Ondansetron (chemical name: 1, 2,3, 9-tetrahydro-9-methyl-3-/ (2-methyl-lH- imidazol-1-yl)-methyl/-4H-carbazol-4-one) is the active ingredient of pharmaceutical compositions with highly efficient antiemetic activity. These compositions are especially important for chemotherapeutically treated patients.

Several chemical processes are known from the literature for the synthesis of ondansetron.

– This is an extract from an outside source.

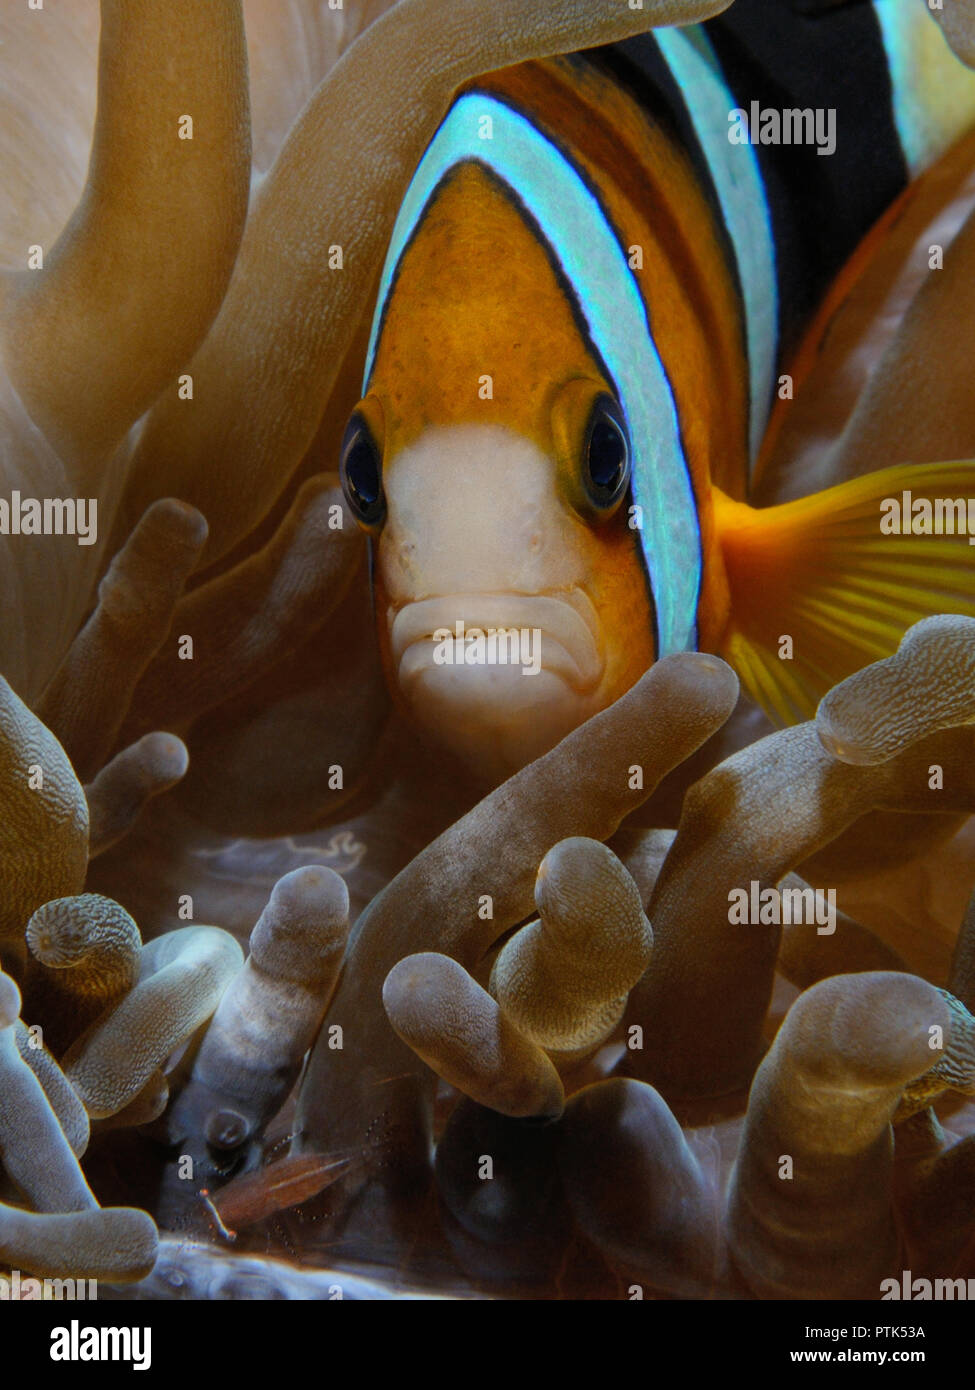 Nemo Fisch (Yellowtail Clownfisch (Eng) - amphiprion Clarkii (Lat)) und Garnelen leben innerhalb einer Anemone, Puerto Galera, Philippinen Stockfoto

GB-Pat. 2 153 821 and 2 192 885 describe syntheses starting from carbazolone derivative, and EP-Pat. 595 111 as well as a Hungarian patent application (P 00-01287) give detailed information about some different chemical procedures.

According to the above literature the ondansetron base is transformed into ondansetron hydrochloride dihydrate with hydrochloric acid in aqueous isopropanol in the final step.

Furthermore, there is a known procedure described in the EP-Pat.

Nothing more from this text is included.